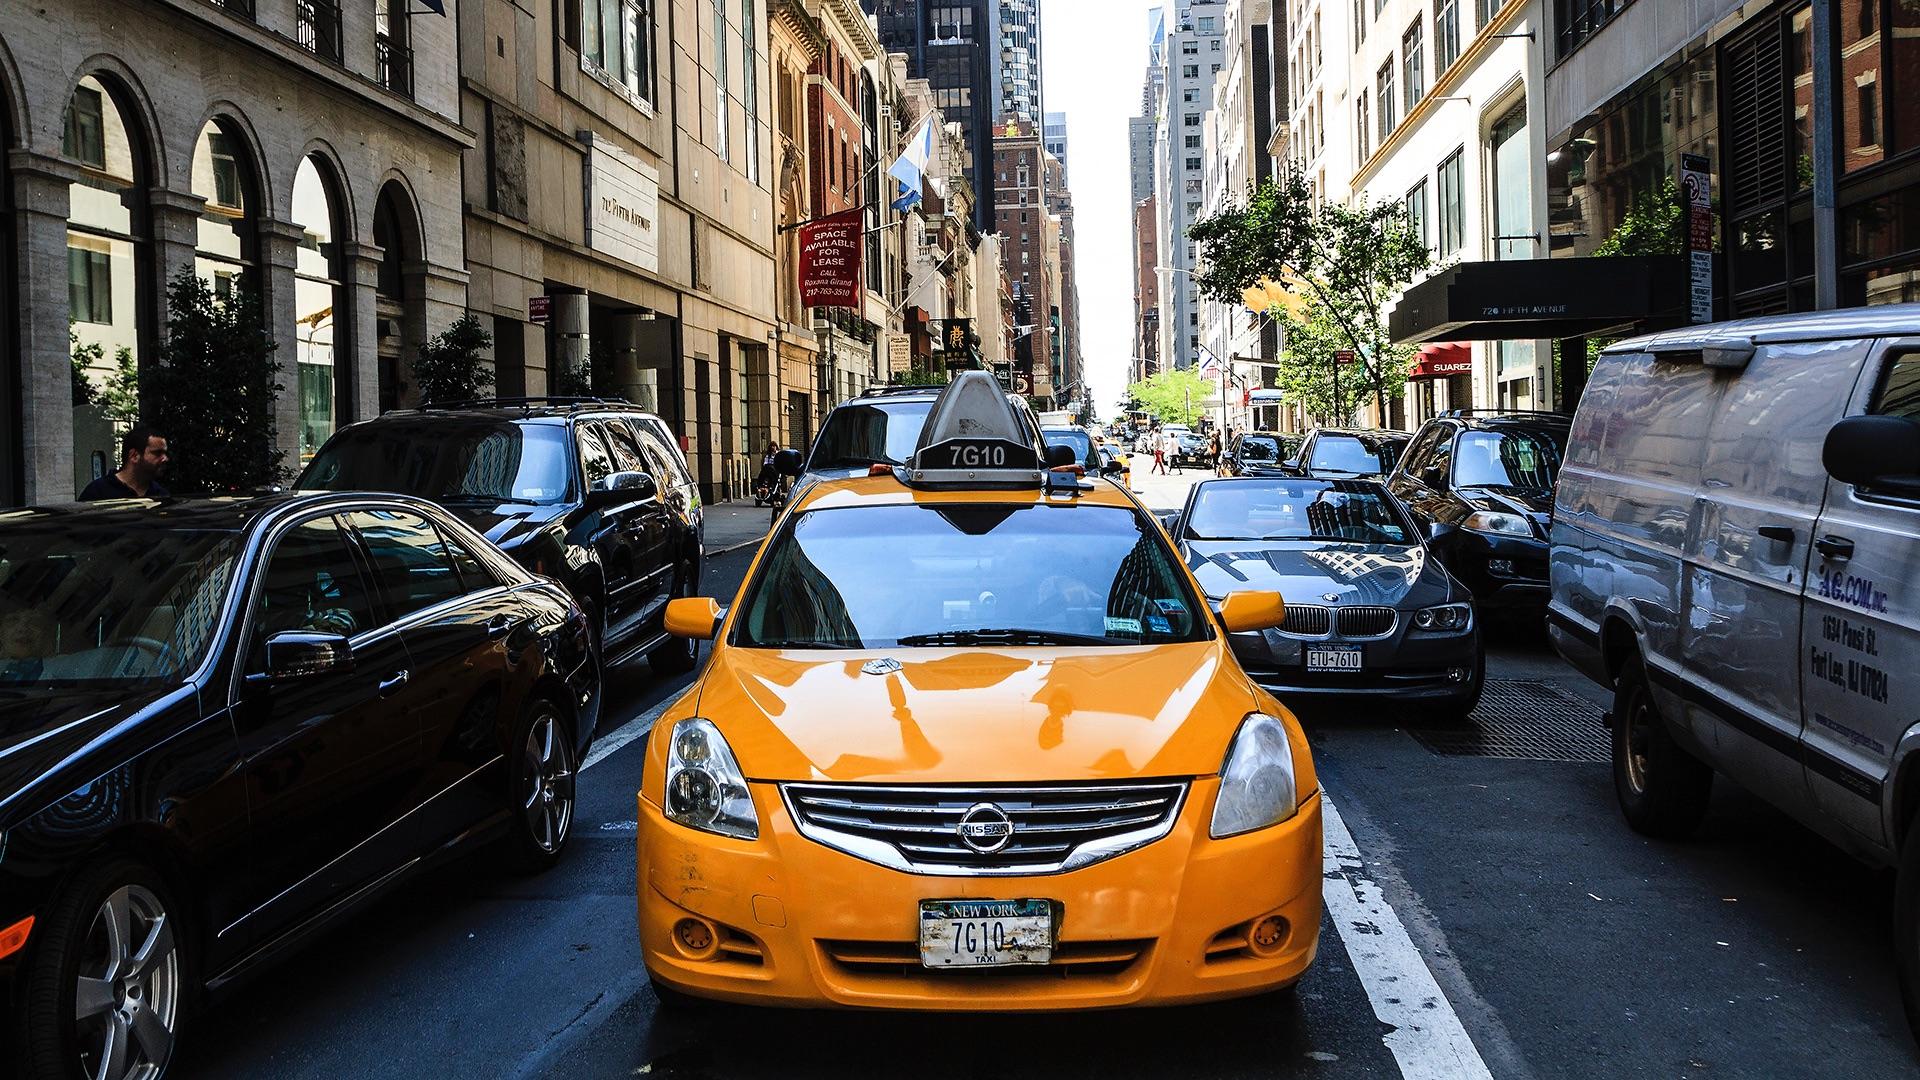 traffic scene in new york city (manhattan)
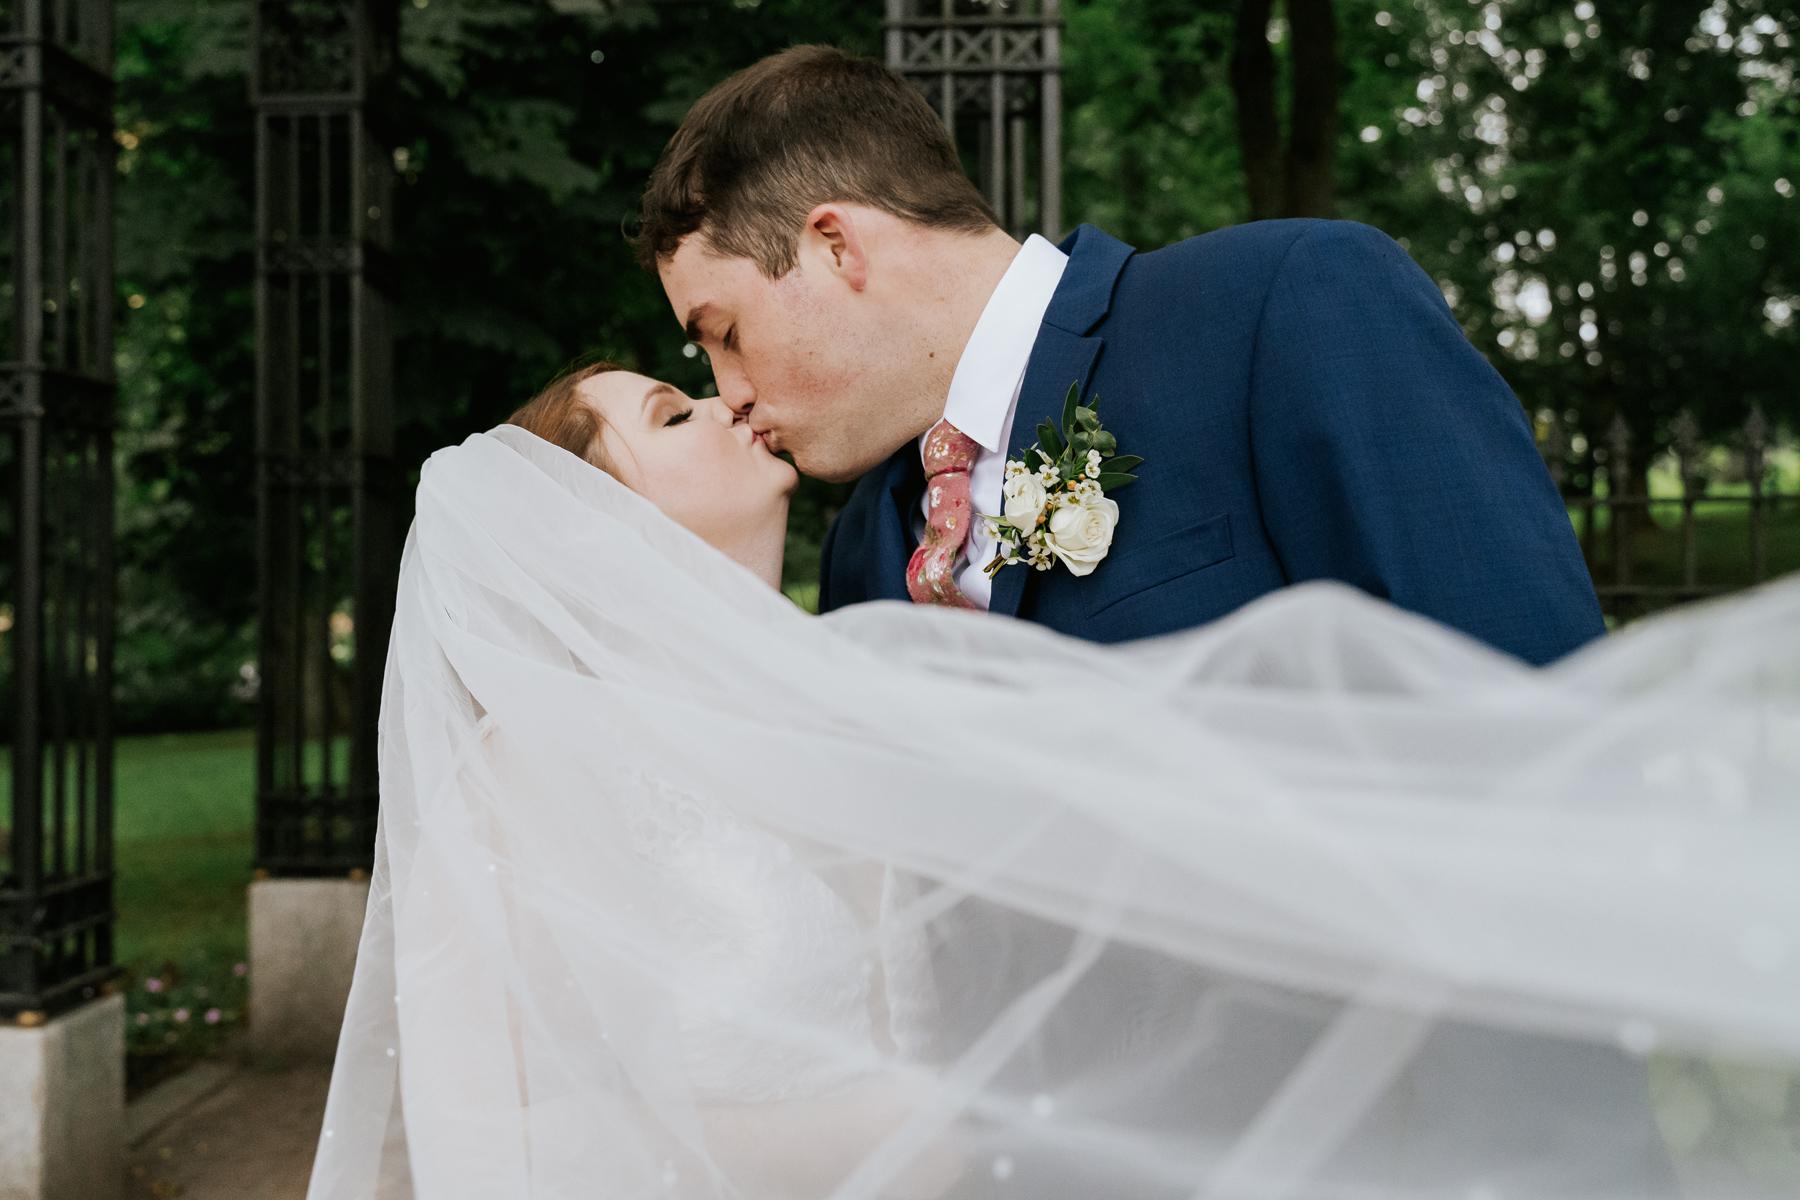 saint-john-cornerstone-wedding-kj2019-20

• • • •

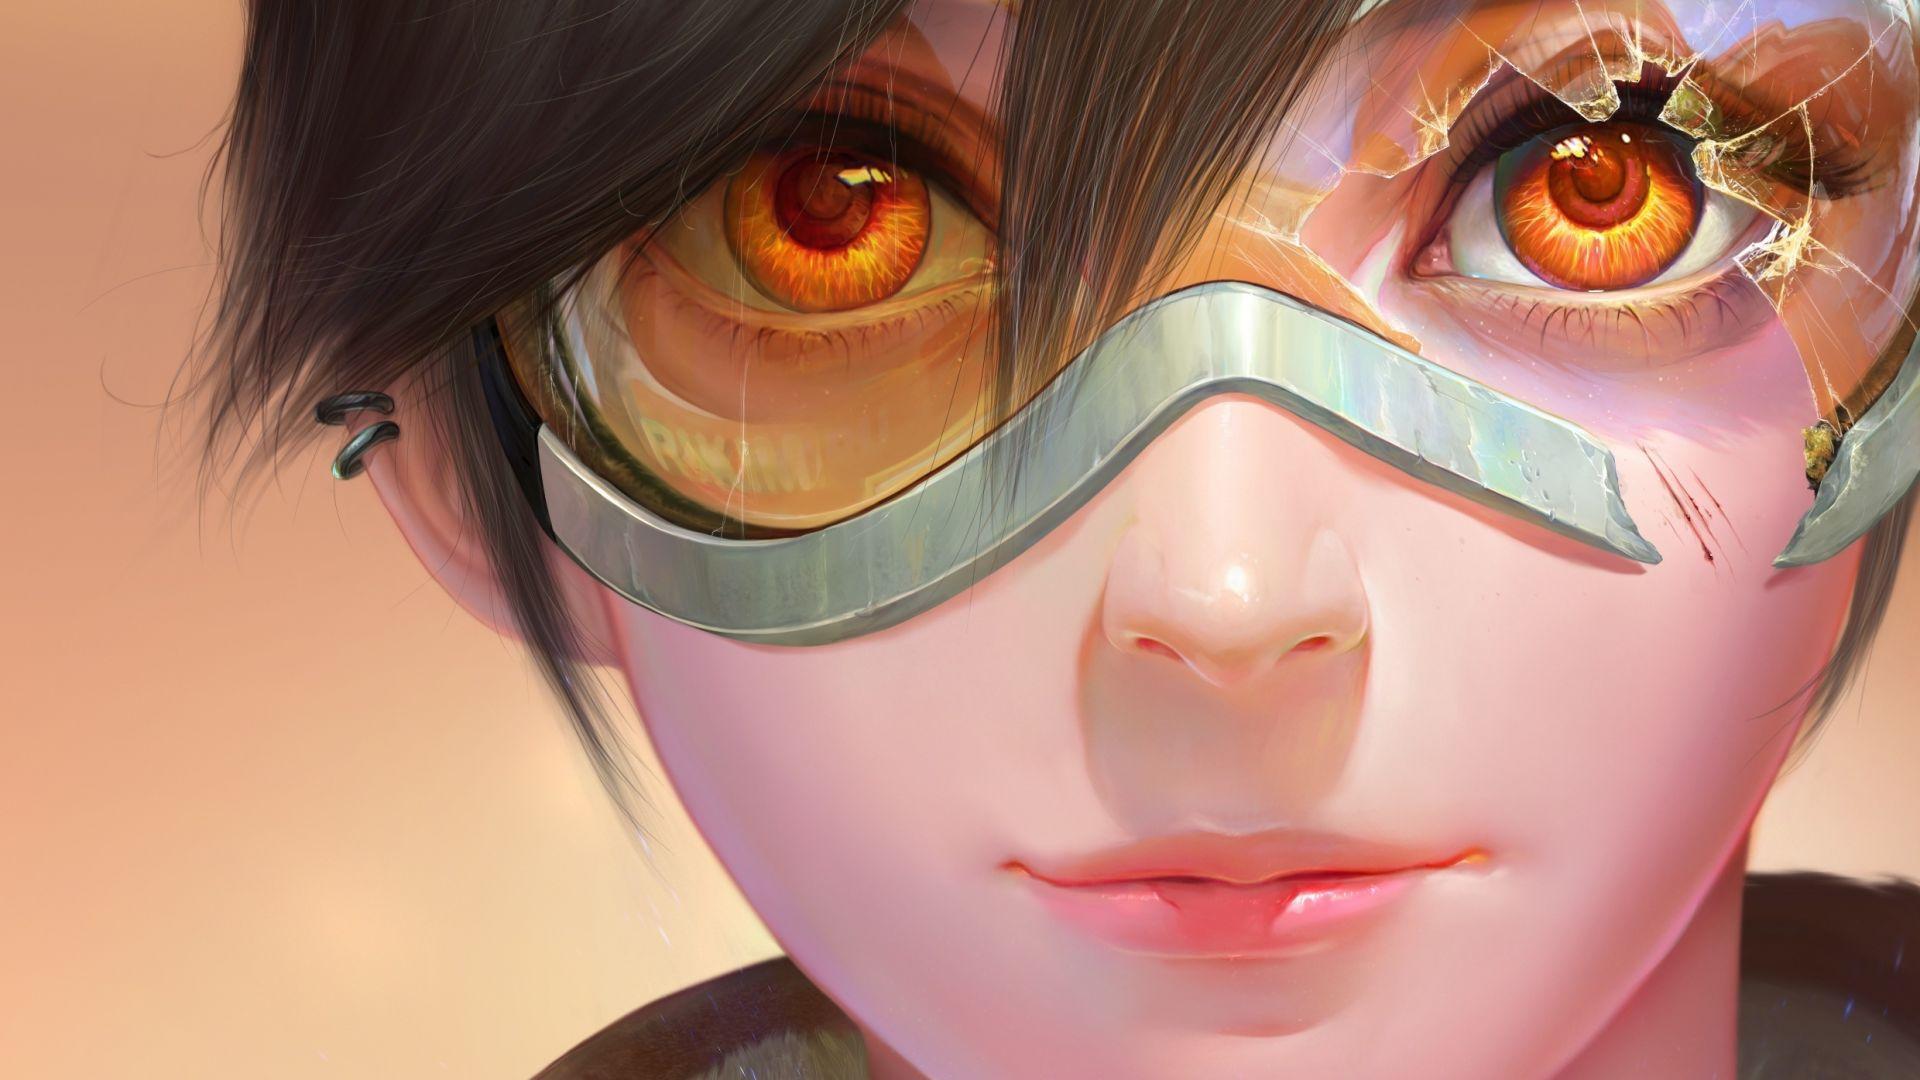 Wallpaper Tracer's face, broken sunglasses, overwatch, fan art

• • • •

> Problem details: Between and including the line above that contains "traffic scene in new york city (manhattan)" and the line that contains "saint-john-cornerstone-wedding-kj2019-20", restate every line word for word. Pictures stay out.

> Result for this task:
 traffic scene in new york city (manhattan)
 saint-john-cornerstone-wedding-kj2019-20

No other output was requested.